Work item: Copy the listing that follows exactly. Its pictures do not belong in the copy.

Data block:
== == ==

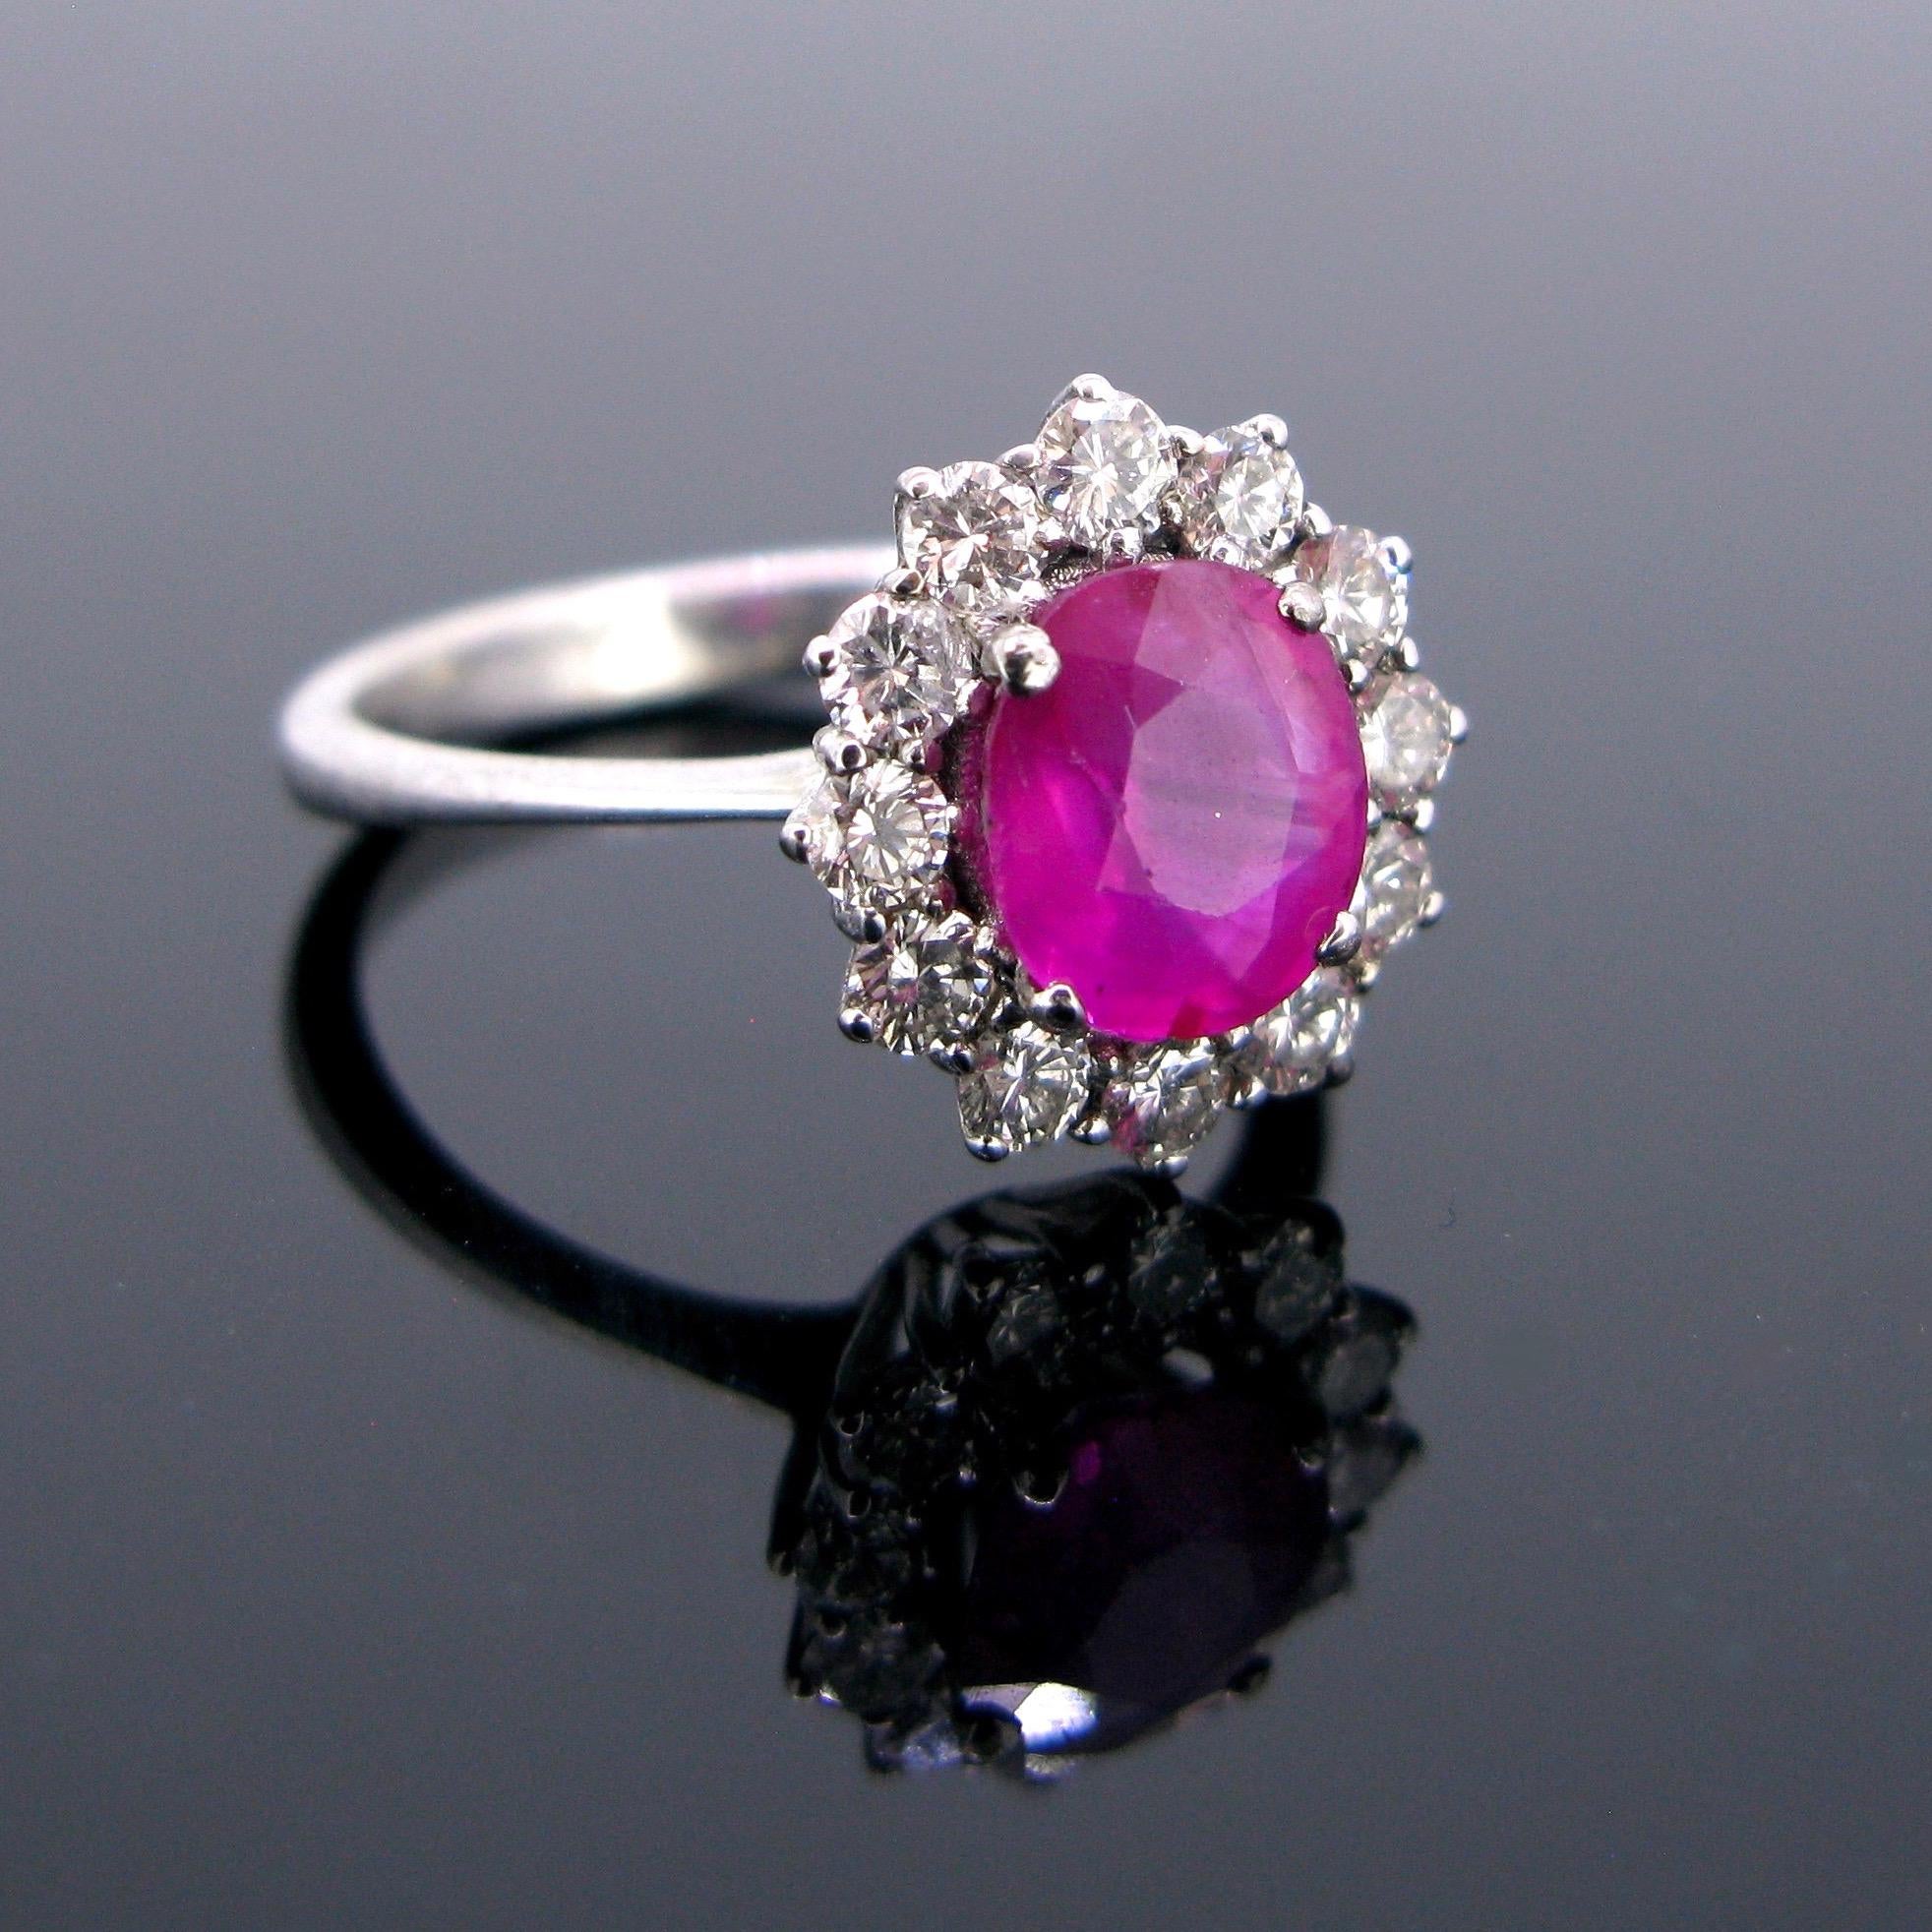 This elegant ring features a 2ct pink sapphire, it has been tested  with no indication of heating. It is surrounded by 12 brilliant cut diamonds with a total carat weight of 1.20ct.T his is the perfect example of a daisy ring.

Stone:   Natural Pink
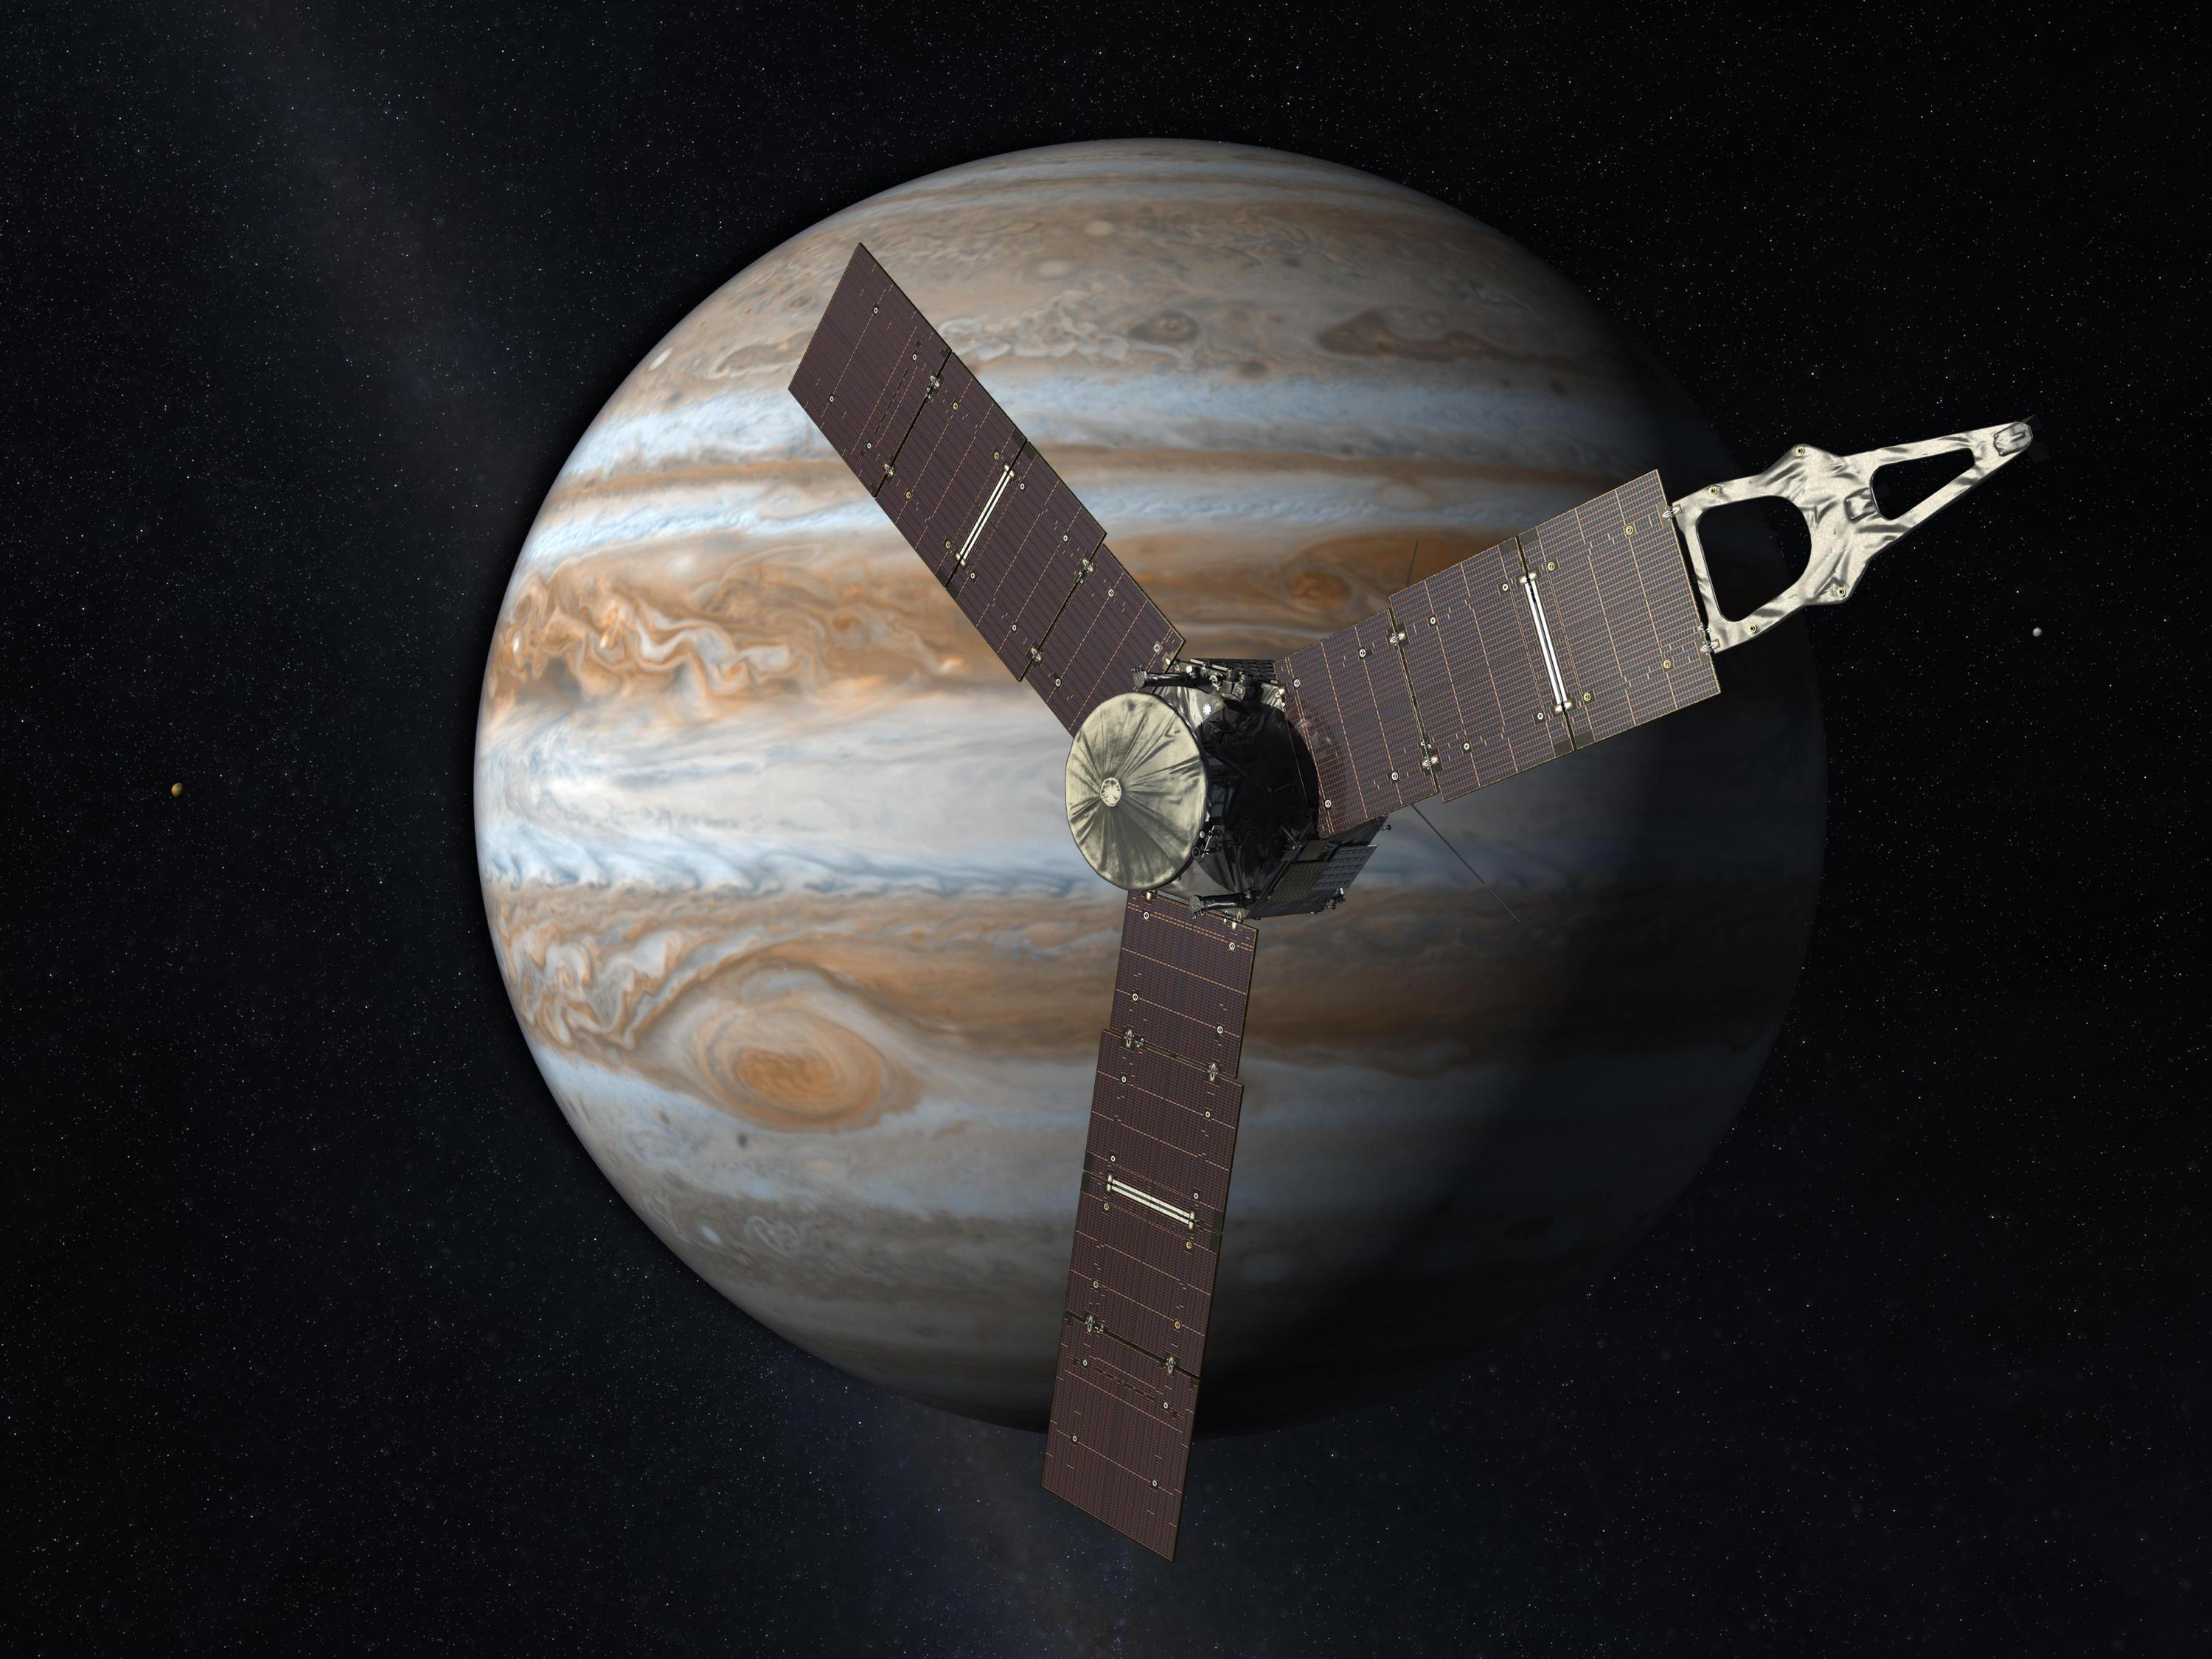 The Juno spacecraft arrived in the Jovian system in 2016. (Illustration NASA)

== == ==

Answer box:
 This elegant ring features a 2ct pink sapphire, it has been tested  with no indication of heating. It is surrounded by 12 brilliant cut diamonds with a total carat weight of 1.20ct.T his is the perfect example of a daisy ring.

Stone:   Natural Pink
 The Juno spacecraft arrived in the Jovian system in 2016. (Illustration NASA)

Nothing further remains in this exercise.